Tuba was, is, and always will be the people’s drink—homegrown, unpretentious, readily accessible, and as far as general knowledge is concerned, devoid of any standards of quality or drinking etiquette. But of course, aside from the supreme ability of being able to drink quantities of it without toppling over in drunken stupor, there are standards of flavor as any connoisseur will tell you.
—Merlie Alunan, writer and teacher, UP Visayas Tacloban College
The tuba wine is found in many parts of the Philippines, not just in Leyte or Samar. Tuba uplifts the spirit and the body and has the power to either intoxicate or to energize. To some it is a bitter drink, and to others a sweet and lively drink. That is the paradox of this drink because it also reflects both the bitter and sweet lives of those who gather, ferment, and sell the wine. The book describes that life in the coconut farm can be unsettling and hard, yet the tuba gatherer looks to a better and equitable future.
—Leo Almeria, interior designer and advocate for preserving historical buildings in Leyte
An “alamat” (mythical legend) in reverse, unraveling the mystique of tuba, thus giving it the identity it deserves, and promoting pride beyond its commercial prospects. Reading the book is to look into the eyes of one who has quaffed tuba and understood why, at some time, one must make a toast to life, or dance to the strums of a lone guitar, or move with flair and hearty enjoyment to the beat of a drinking song.
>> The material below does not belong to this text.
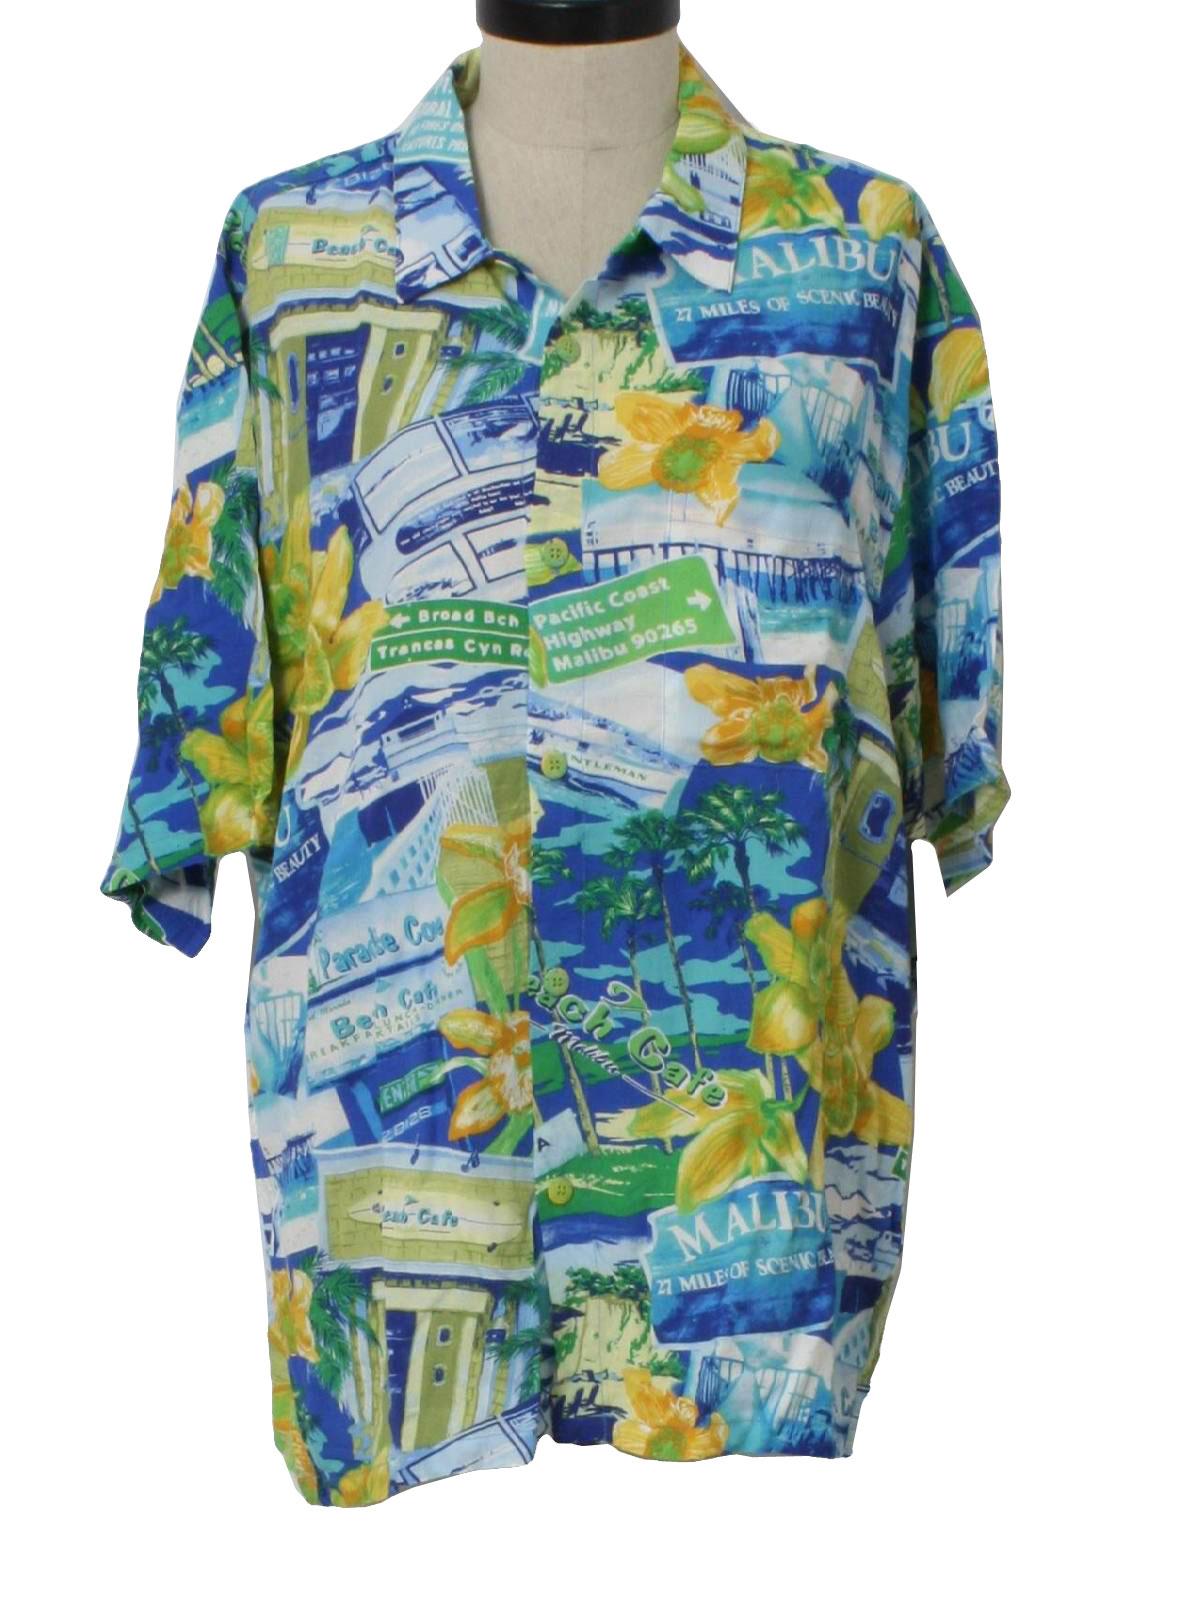 faac6a5fc7e 80s Vintage Jams World Hawaiian Shirt  80s -Jams World- Mens white  background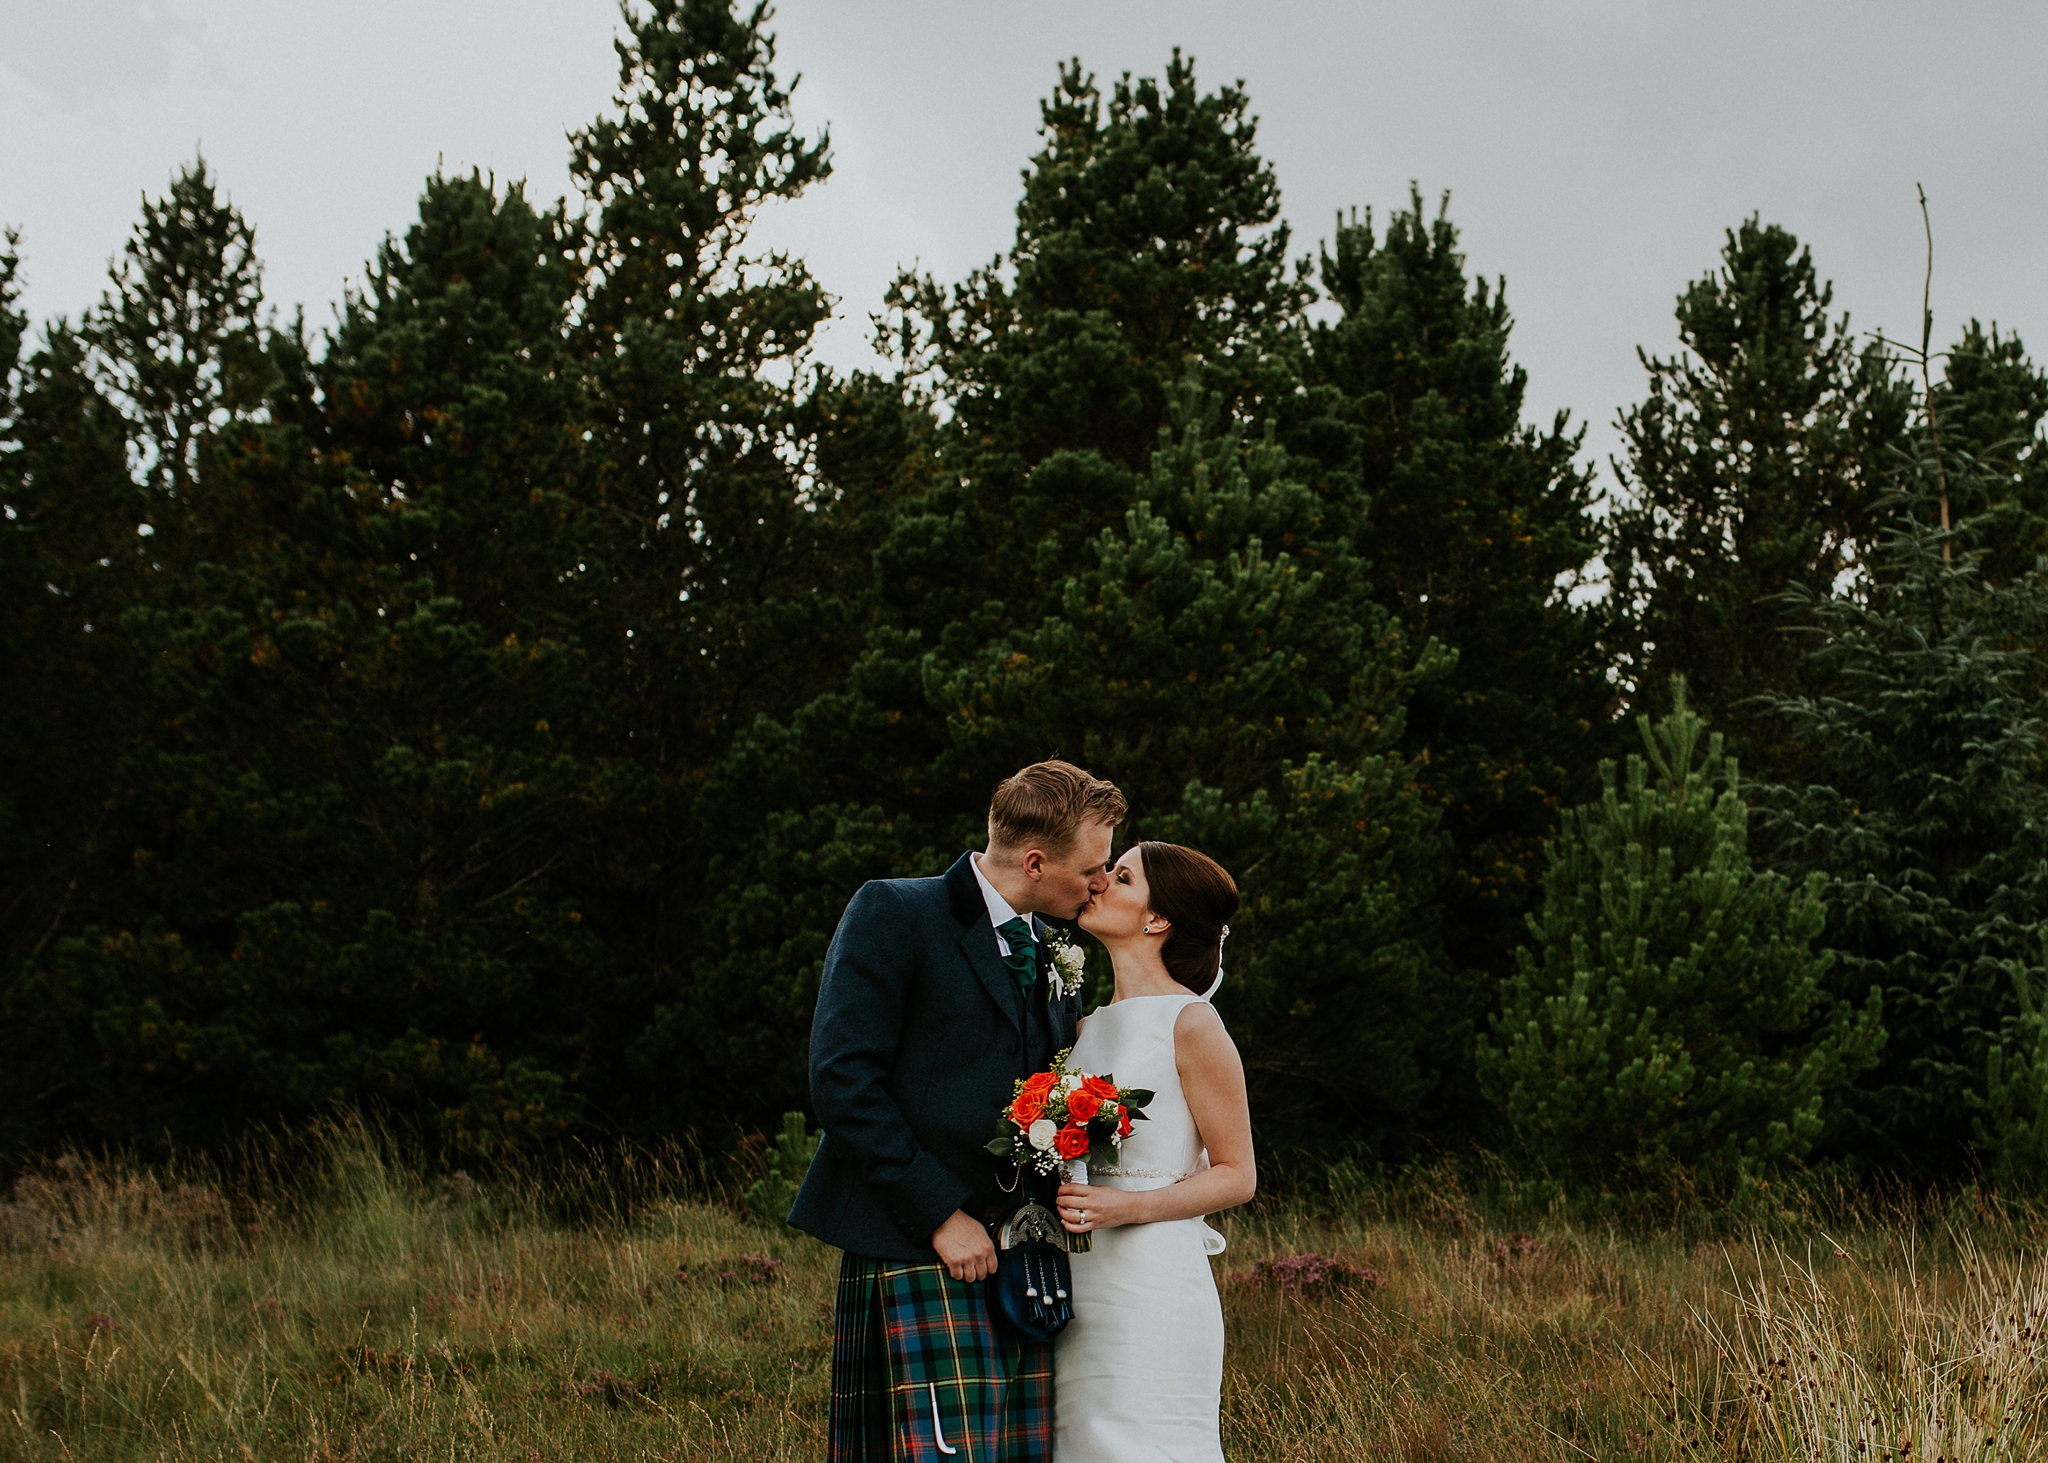 Linda&Shockie_northuist_wedding_photographer-43.JPG

To pass up on the chance to make the toast is to miss out on an unforgettable experience.
—Dalisay Capucion-Sevilla, NGO volunteer and management consultant to the Provincial Governor of Leyte
This book introduces readers to tuba, an indigenous wine of the Philippines collected from each gentle drip of the sap from the inflorescence of a coconut. In Leyte and Samar, tuba is the traditional drink that flows freely during celebrations, fiestas, weddings, funeral wakes, and birthday parties. The wine binds together the Waray-waray-speaking people to seek a common purpose and gives them hope for a better future despite natural calamities, tragedies, and benign neglect.
About the Author
True to his eclectic interests and concerns, Arturo G. Pacho has written on urban development, local government, ethics in government, public enterprise, and the ethnic Chinese community. In his professional life, Art did research and taught graduate classes in public administration at the University of the Philippines and as a teaching fellow at Kent State University, where he taught undergraduate classes in political science. Art also studied at Rutgers University in New Jersey, focusing on urban and regional planning. Retiring from the City of Los Angeles government as a management analyst, Art found the research on tuba a refreshing change and a good reason to return to his roots. He grew up in Tacloban City and has continued his commitment to support projects on the arts, education, and public health in Leyte.